5、Responsible Decision Making「責任ある社会的行動の選択」

 アメリカのNPO法人CASELは、「社会性と情動の学習Social-Emotional Learning」の要素として、次の5つをあげています。

 Self-awareness

 Self-management

 Social awareness

 Relationship skills

 Responsible decision-making

 今回から、Responsible Decision Making「責任ある社会的行動の選択」について考えます。これは「さまざまな状況での個人的な行動や社会的相互作用について思いやりのある建設的な選択をする能力」と定義されています。この概念には、Justice(正義)の理念が関連しています。まず、何を正義と呼ぶのか、正義の根拠はどこにあるのか考えてみます。

 Justice(正義)は人間のふるまい方について「良いと感じる」概念です。動物や植物にはあてはまりません。人間という種に共通する要素は、人種や性別での違いはあっても基本的におなじ身体構造を持っていることです。他の動物や植物の身体構造とは違っています。そして、人間も動物も植物にも共通する生物としての特徴は「生命(生きのびる傾向)」です。

 生物の生命維持と種の継続に必要な身体維持(防御・栄養)と生殖傾向を進化論的に考えると、次のようになります。

  • 身体維持(防御・栄養)と生殖傾向が強い種は、子孫を残し進化した。
  • 身体維持(防御・栄養)と生殖傾向が弱い種は、子孫が減り滅亡した。

 現代の先進諸国の少子高齢化現象は、自分の身体維持(防衛・栄養)のための資源(利益)の獲得に躍起となって、生殖傾向が減退しているかのような「人類の進化論的危機」のようにも感じます。

 同じ身体構造を持った人類が他の動物や植物と異なる特徴として、「知能」や「言語」をあげる人は多いと思います。
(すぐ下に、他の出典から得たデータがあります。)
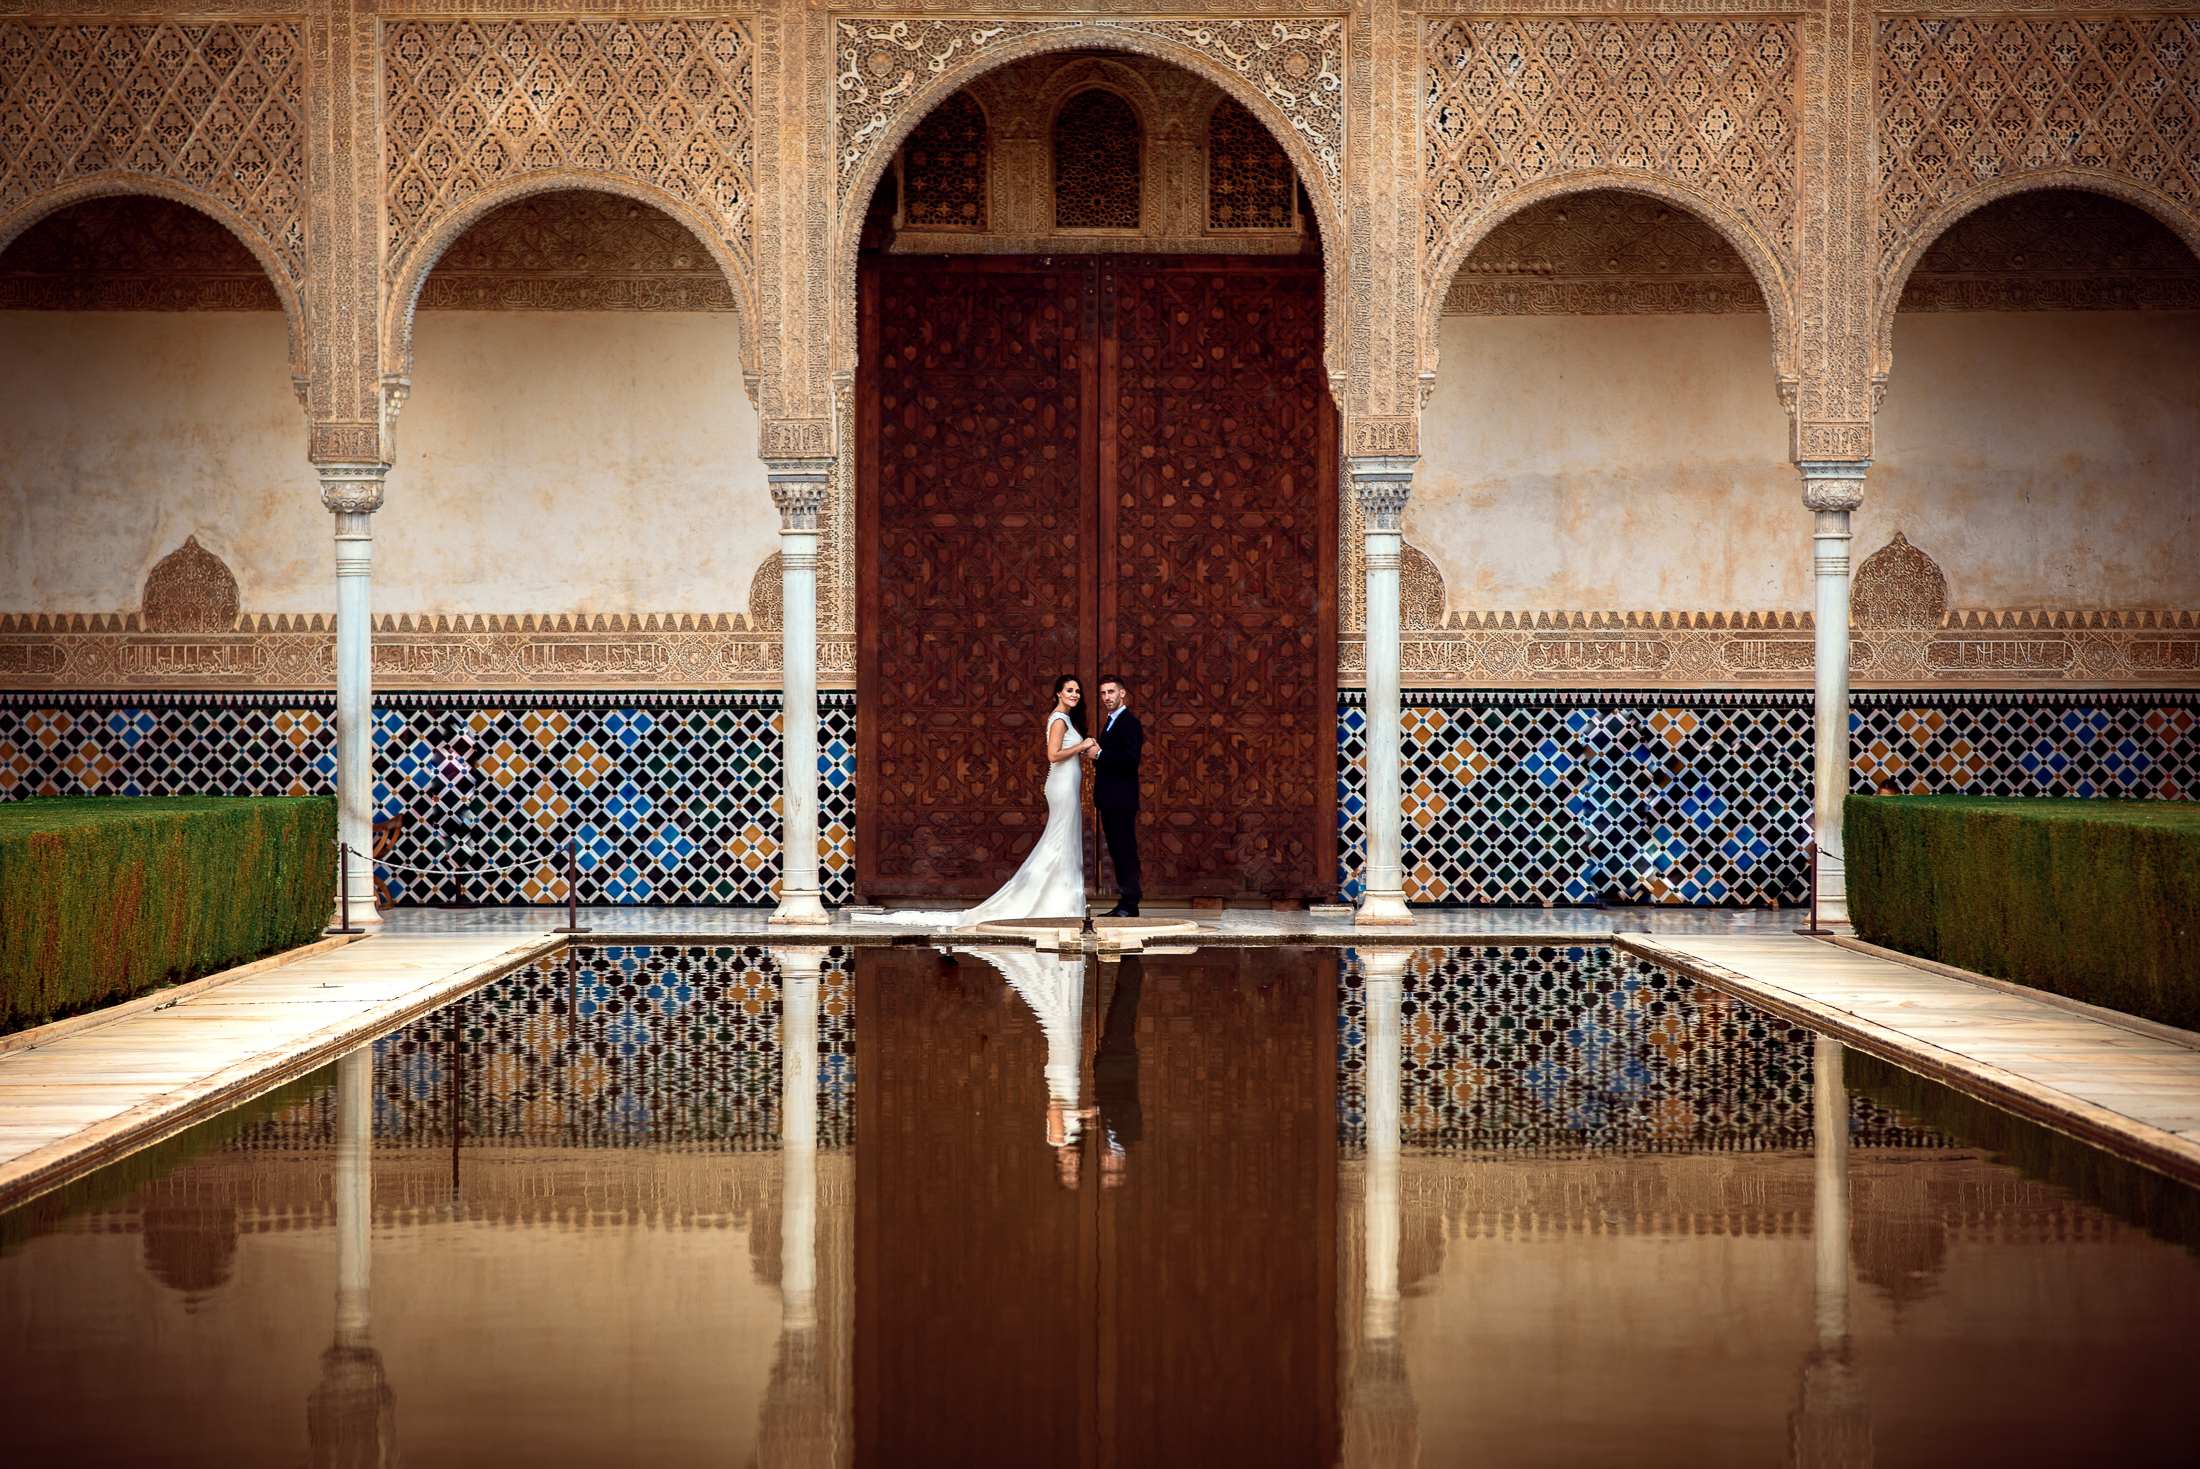 Wedding in Alhambra, Court of the Myrtles

しかし、様々な動物も生存の「知恵」と非言語的コミュニケーションがあることが知られています。人類の特徴として、進化論的には「知能」よりも社会的存在であるという点が重要です。

 無知の科学(スローマン他2018)では、次のように述べています。

 「個人が処理できる情報量には重大な制約がある。」

 「人類が成功を収めてきたカギは、知識に囲まれた世界に生きていることにある。知識は私たちが作るモノ、身体や労働環境、そして他の人々のなかにある。」

 また、マーク・トウェイン(1894)の小説の言葉「問題は無知ではない。知っているという思い込みだ」も心に留めておきたいと思います。

 すなわち、人類は、個人としての「知能」よりも、人と人とが相互作用し協力することで自分の知らない知識・文化を継承し進化・発展してきたと言えるでしょう。資源(利益)の獲得で競争や紛争が起こっても、人と人とが相互作用して協力し合うルールという知恵(法令)によって解決してきたと考えられます。

 人類は、知識・文化を共有することによって身体維持(防衛・栄養)のための資源(利益)を効率的に獲得すると共に、同じ身体を持ち同じ情動を感じる他の人々と協力し合う「社会性」によって、生命の維持・継続をはかる傾向を進化させてきたと考えられます。私は、ここにJustice(正義)の根源があると感じてます。

 

参考・引用文献

  • スローマン他. 2018. 知ってるつもり 無知の科学. 早川書房.
  • マーク・トウェイン(サミュエル・C・クレメンス). 1894 パディントンの聖徳. Charles L. Webster & Company.)